Po dzisiejszym zwiedzaniu moim ulubionym królem Polski został Kazimierz Wielki, a księciem Leszek Czarny. Byli bardzo odważni i mieli duży wkład w rozwój Królestwa Polskiego.
Kiedy wracaliśmy, za oknem znajdowały się plantacje winnic. Mijaliśmy pola uprawne i sady, a było ich dużo, ponieważ w Sandomierzu jest bardzo żyzna gleba lessowa. Chwilę później pan przewodnik powiedział nam, że tam znajduje się wzgórze pogańskiego Boga Żmija, który wyglądał trochę jak człowiek, trochę jak smok. Pogański bożek walczył ognistym mieczem ze złymi duchami i wrogami. Bardzo zainteresowała mnie też historia Tatarów, którzy atakowali aż trzy razy Sandomierz i najeżdżali na sąsiednie miasta. Wieczorem poszliśmy do sklepu, a potem zrobiłam z dziewczynami szalony wieczór. Oglądałyśmy Milionerów, zajadałyśmy się krakersami i nagrywałyśmy śmieszne filmy.
29. 09. 2021
Już wracamy z wycieczki. Dziś zwiedzaliśmy zamek Krzyżtopór w Ujeździe. Wszystko było naprawdę super. Widzieliśmy stajnię, która mogła pomieścić 160 koni bojowych. Zachwyciła nas również sala balowa. Zamek był ogromny, a tak w zasadzie to ruiny zamku.
Potem wchodziliśmy na Święty Krzyż. Pan przewodnik mówił nam, jak to król Władysław Jagiełło musiał wejść na to wzgórze na kolanach, żeby odzyskać władzę.

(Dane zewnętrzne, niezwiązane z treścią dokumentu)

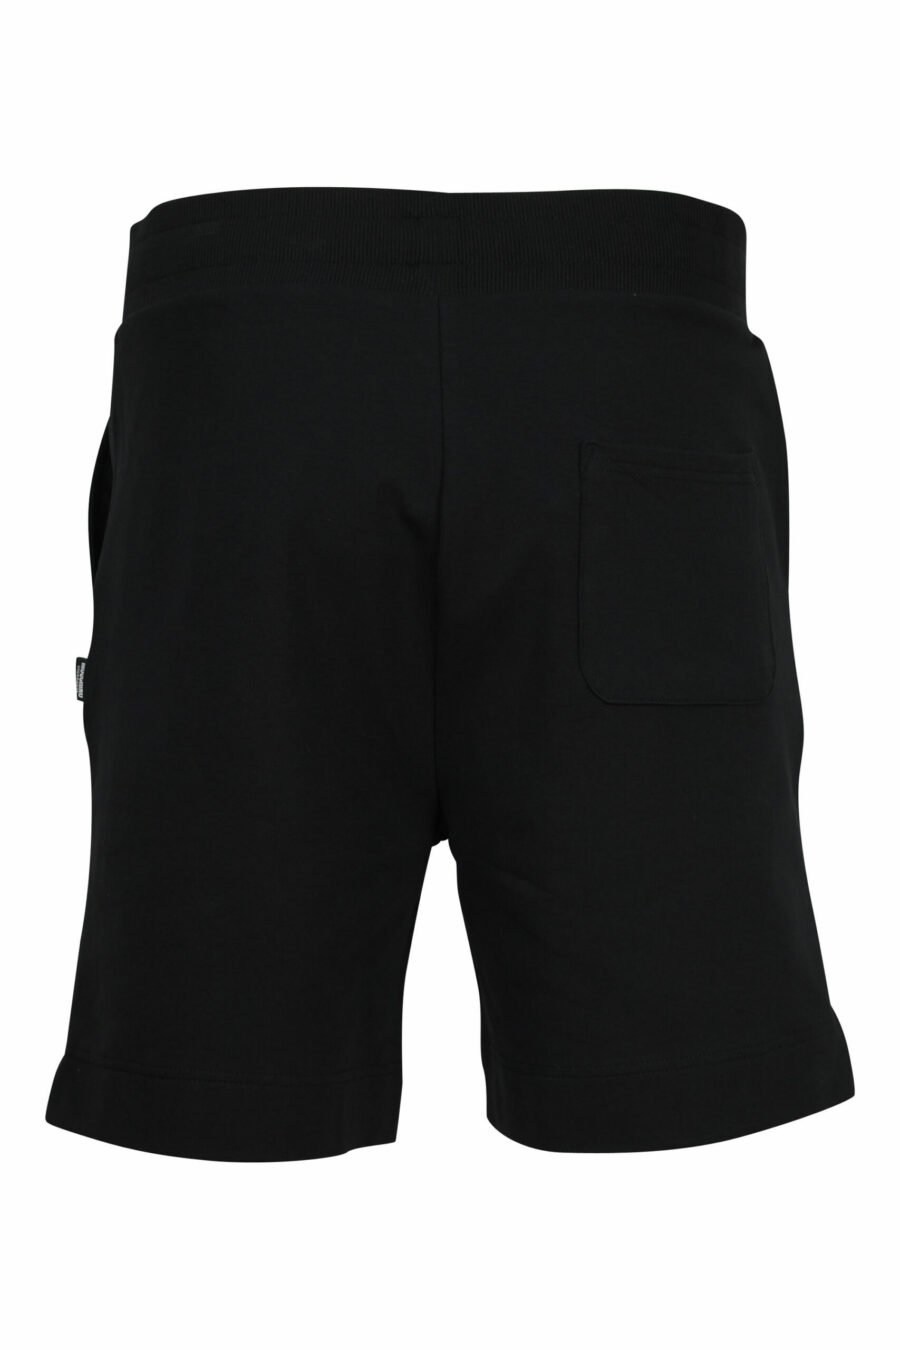 Trainingshose schwarz mit Mini-Logo Bär "underbear" in schwarzem Gummi - 667113622200 1 skaliert

Trudno było, bo przez las, pod górę i jeszcze kamienie. Ja z koleżankami potknęłam się trzy razy, a może i więcej. Kiedy dotarliśmy na szczyt, byliśmy wykończeni.
Na sam koniec zwiedzaliśmy Muzeum Henryka Sienkiewicza w Oblęgorku. Widzieliśmy biurko, przy którym powstawały fragmenty książki „W pustyni i w puszczy”.
Zatrzymaliśmy się jeszcze w McDonaldzie na obiad, a pod szkołą byliśmy o 20.30. Ta wycieczka była wspaniała i chyba dla każdego ucznia wzruszającym wydarzeniem.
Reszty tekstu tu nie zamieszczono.